Clearly, a mechanism is needed for providing tempo (i.e., speed)
control without the undesired side effects of pitch variations and
audible clicks or pops.
SUMMARY OF THE INVENTION
[0011] A method and apparatus for performing time compression and
expansion of audio data, with dynamic tempo change during playback,
are described. Prior tempo adjustment schemes create undesired
clicks and pops at tempo changes, caused by jumping and skipping in
the audio playback signal where such changes occur. Embodiments of
the invention avoid undesired pops and clicks by maintaining
contiguous audio data for playback during significant audio
transient activity. Dynamic changes in tempo are implemented at
specific points in the audio signal corresponding to local minimums
in the fade-in and fade-out characteristics of the
compression/expansion scheme. In one or more embodiments, the
compression/expansion scheme is substantially
pitch-independent.
[0012] In accordance with one or more embodiments of the invention,
an audio signal is marked to define temporal slices of audio data.

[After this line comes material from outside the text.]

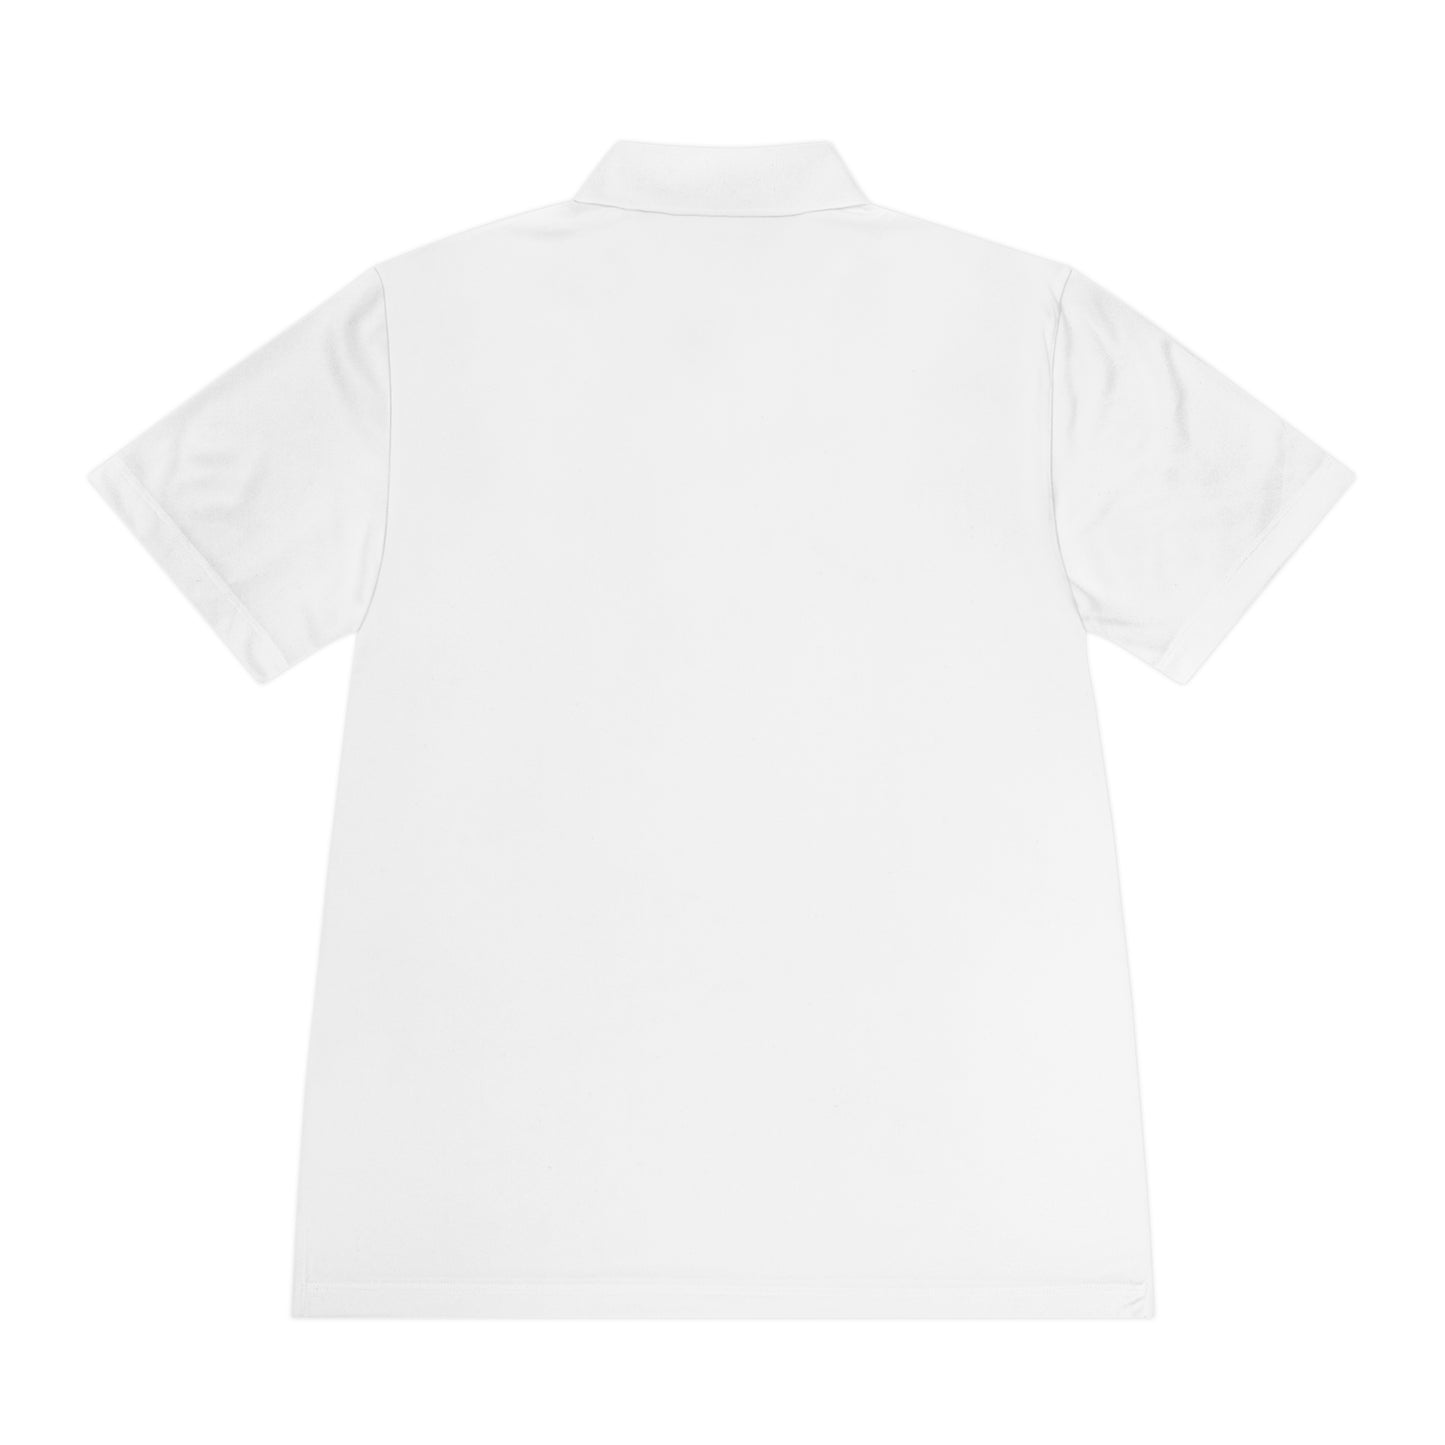 Penarol Men's Sport Polo Shirt

In a preferred embodiment, marking may be performed to minimize
significant transient activity midway between consecutive marks. A
fade-in function is associated with the leading side of each mark,
and, similarly, a fade-out function is associated with the trailing
side of each mark, creating a series of cross-fading "mounds" with
peaks at each mark. "Cross-fading" refers to the overlapping of the
fade-out associated with each mound with the fade-in of a following
mound to smooth the transition between respective transient
activity associated with each mark.
[0013] In accordance with one or more embodiments, when a tempo
change is requested (e.g., a user selects a new tempo value in a
user interface), the embodiment delays implementing the tempo
change until the start of the next "mound" (i.e., the next
fade-in). Thus, despite the tempo change, each mound uses a
contiguous set of audio data, preventing the clicks and pops
associated with skips in the audio data. Cross-fading minimizes any
effects of desynchronization caused by overlapping mounds of
differing speeds.
DESCRIPTION OF THE DRAWINGS
[0014] FIGS. 1A-1C are waveform diagrams illustrating the behavior
of a sample audio waveform over time.
[0015] FIG. 2A is a waveform diagram illustrating a slicing method
for parsing audio data at a constant rate, in accordance with one
or more embodiments of the invention.
[0016] FIG. 2B is a waveform diagram illustrating a slicing method
for parsing audio data based on transient detection, in accordance
with one or more embodiments of the invention.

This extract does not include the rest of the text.